[Data shown Boundary: Start]

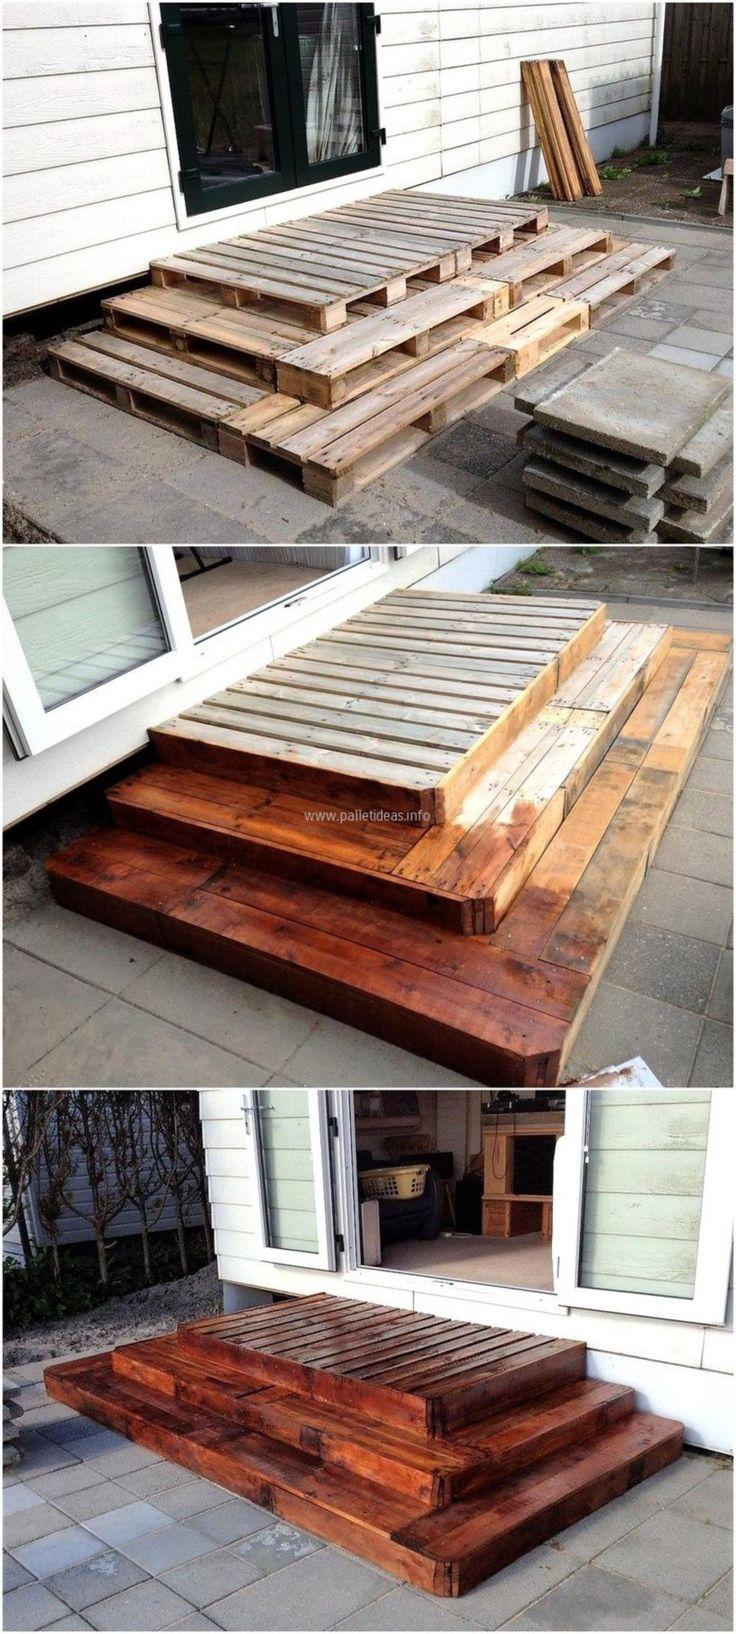 Best 25+ Patio ideas ideas on Pinterest | Backyard makeover ...
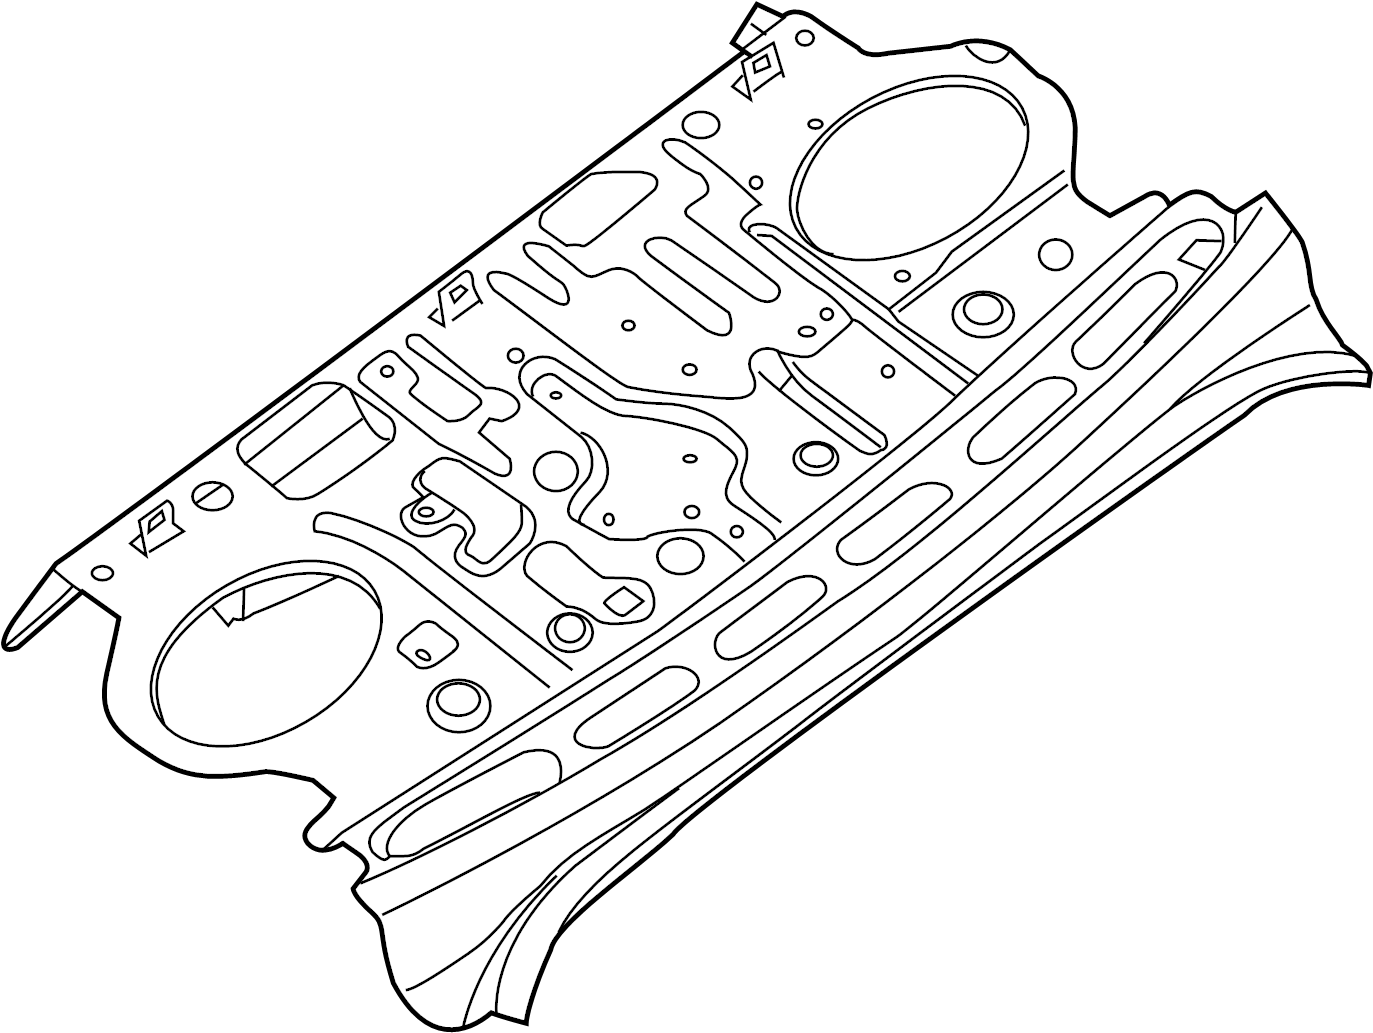 Nissan Maxima Package Tray Rear
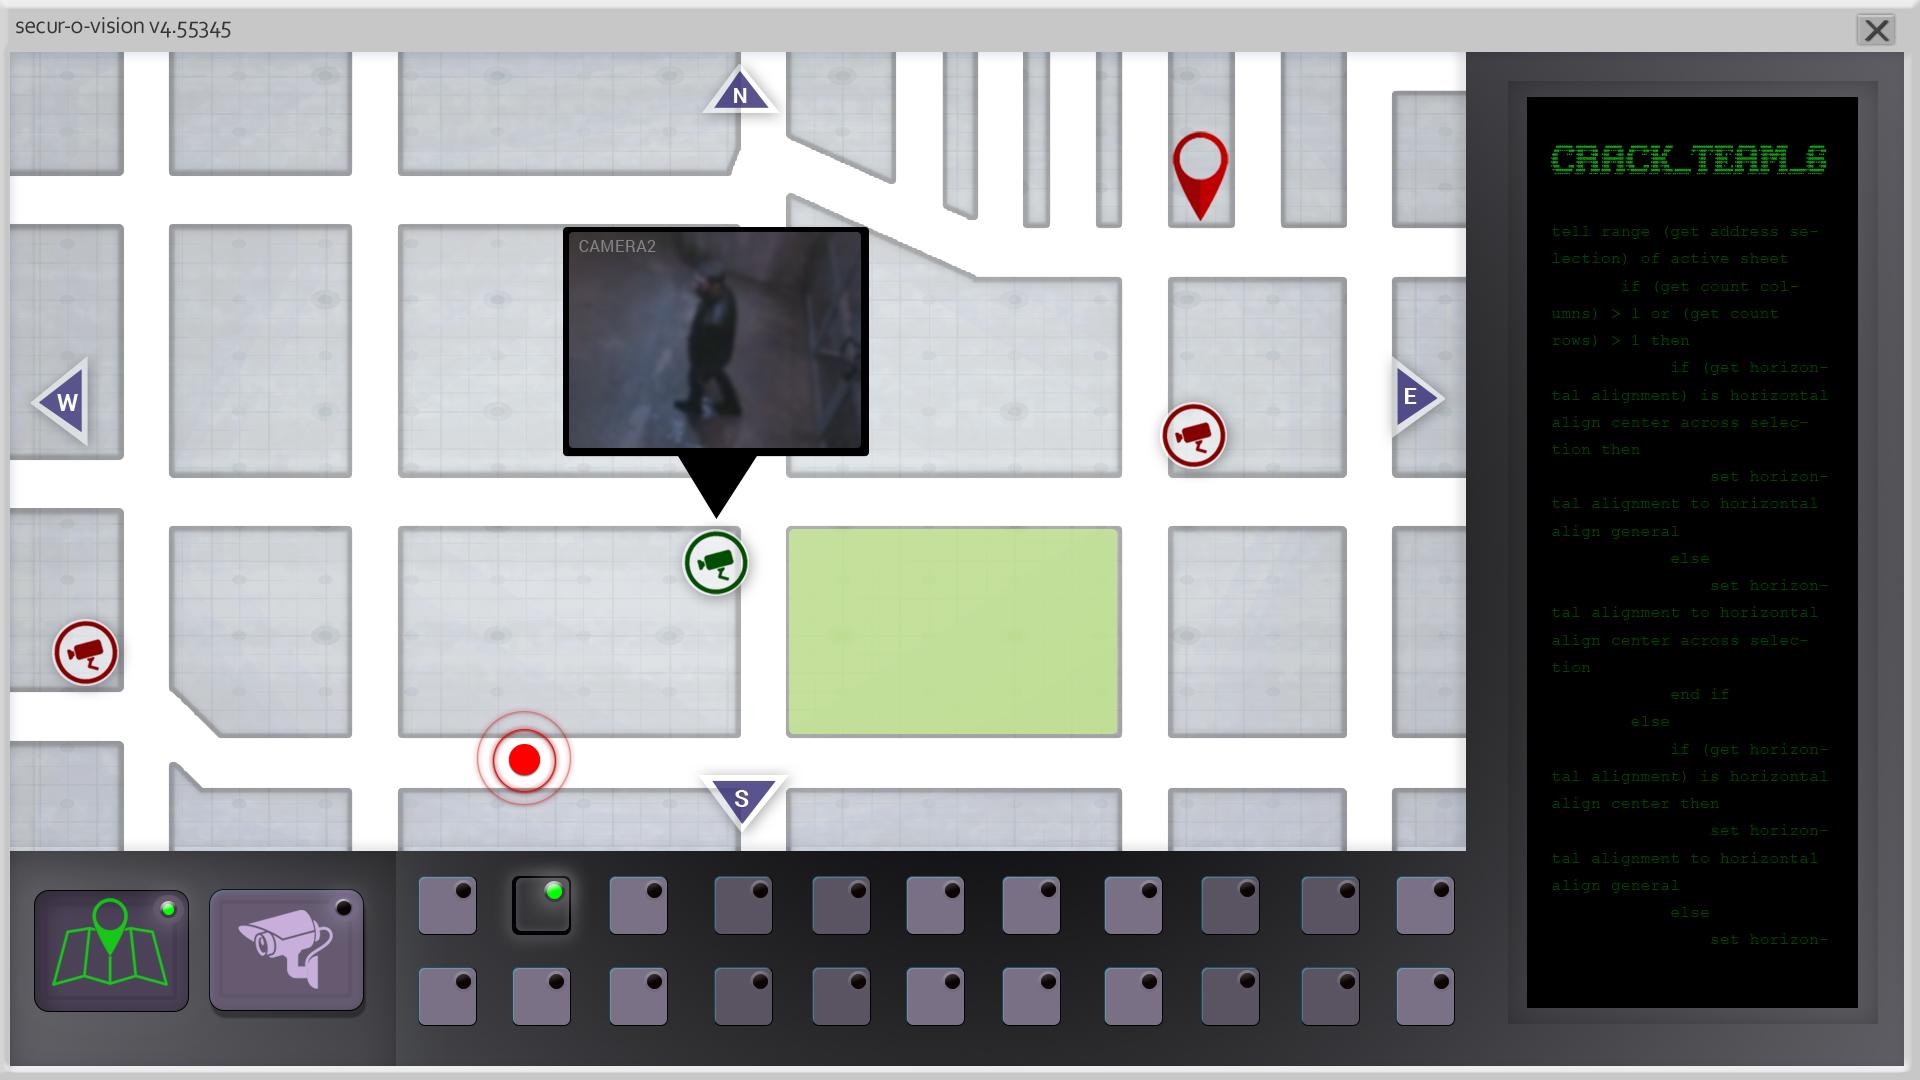 cctv+map_app_updated_march23.jpg

[Data shown Boundary: End]

### Aim of the exercise
Reproduce each line above precisely, with no pictures.

### Exercise result
 Best 25+ Patio ideas ideas on Pinterest | Backyard makeover ...
 Nissan Maxima Package Tray Rear
 cctv+map_app_updated_march23.jpg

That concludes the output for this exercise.